On the other hand, Americans hate to line up for anything other than Black Friday sales and I hate to line up for anything other than powder runs and even those, not very much. In my case, it stems from my aversion to military order and general antsiness. I prefer to pace, wander, shuffle and chat up people in queues, something else Canadians tend not to do unless they know the person to whom they speak and even then, generally use hushed tones as though they were discussing troop movements during times of war or their most recent outbreak of genital herpes.

It took the aforementioned precocious Canadian youth, dressed in the fine clothes of a Westmount private school, clothes more befitting someone firmly in middle-age since that's what Westmount private schools try to turn out, to set me straight. "You're supposed to line up," he said to me in a tone generally used when one addresses a servant or underling, something I could understand since he looked like he might enjoy the labours of servants and I looked a bit clownish in oversized running shoes, thick wool socks and a muffler long enough to cozy the necks of most of the people in the queue, all of whom were wearing sensible winter coats, it being both winter and snowing.

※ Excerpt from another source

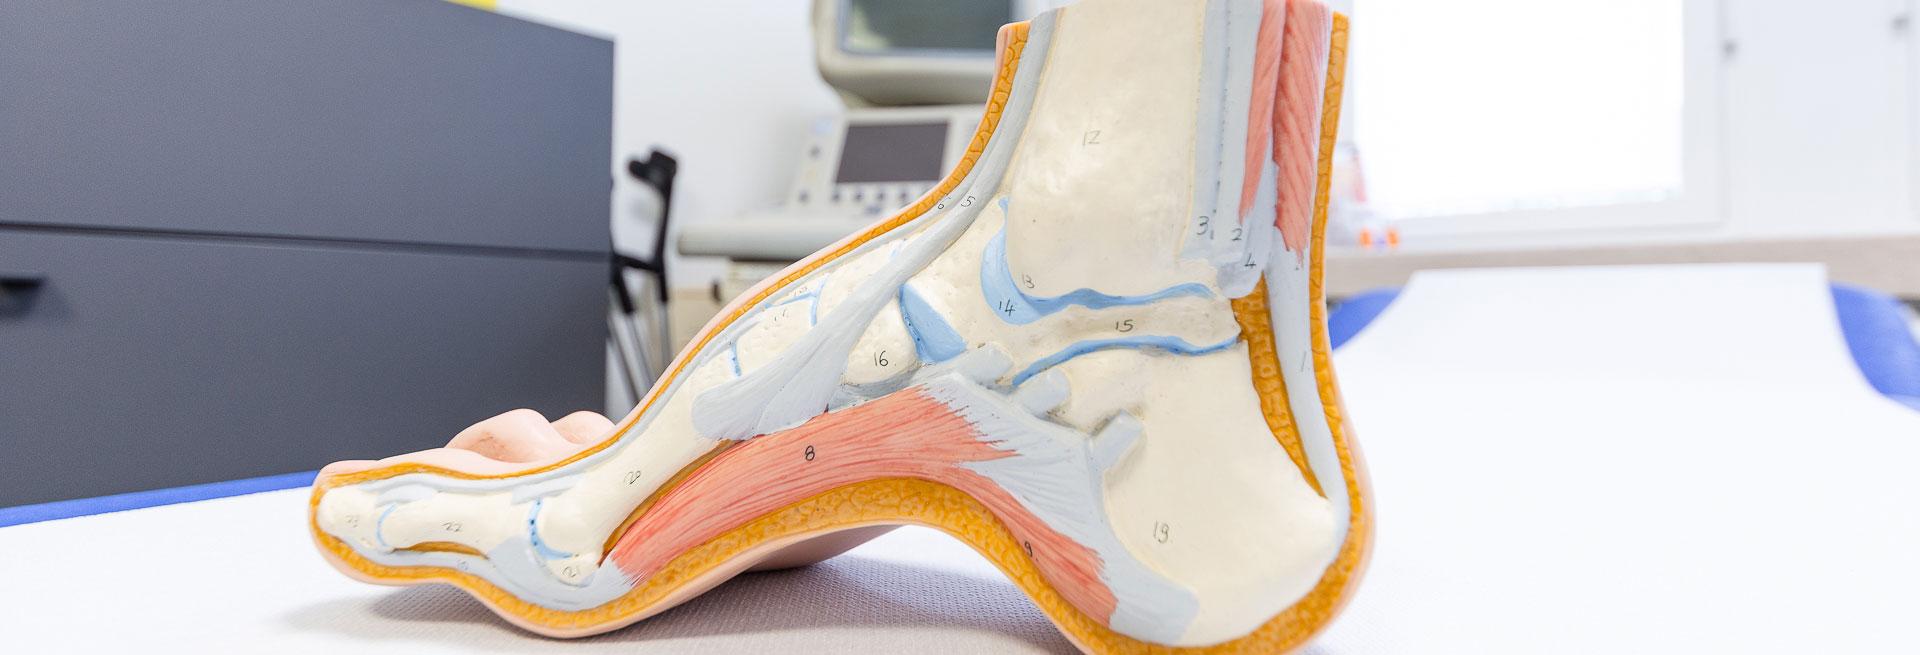 Orthopädische Praxis Saarlouis

"I prefer to pace," I said politely.

"But you won't know when to get on the bus," he said, with what seemed like genuine concern.

"It's OK. I'll get on last," I said.

"But you're supposed to get on ahead of the people who got here after you," he said, emphatically.

Being a newly transplanted American, I was about to suggested he might need more bran in his diet. But, in what was possibly my first step to becoming Canadian, I actually tried to understand where he was coming from and stifled my natural, sarcastic self. I failed, but I tried. And really, what's more Canadian than trying?

Finally, I told him if he was really worried, I'd just get on ahead of him. His expression said that was a totally inappropriate compromise and I'd obviously failed to understand what he was trying to tell me. I got on the bus ahead of him, anyway.

One of the best things about living in Whistler is I don't often queue up for the bus. I live in Rainbow and for the most part, it's faster for me to walk home from the village — in ski boots — than it is to take the bus. And I have a car. Which means I don't have to queue for the bus but frequently have to wait in a line if I try to travel south of the village.

If I could bring myself to make a New Year's resolution, and I had any influence over the issue, I'd resolve to try to find ways to alleviate some of that congestion. While gridlock is very Canadian, it's more often found in large urban areas, not cute resort municipalities, which are generally thought of as places people go to escape urban woes like gridlock. As difficult as it might be, I'd certainly engage the Ministry of Transportation and Infrastructure and other provincial ministries to accomplish this. And I'd be looking more broadly at options other than suggesting to worker bees they drive less and queue up for the bus more.

But then, after all these years I'm still learning this Canadian thing.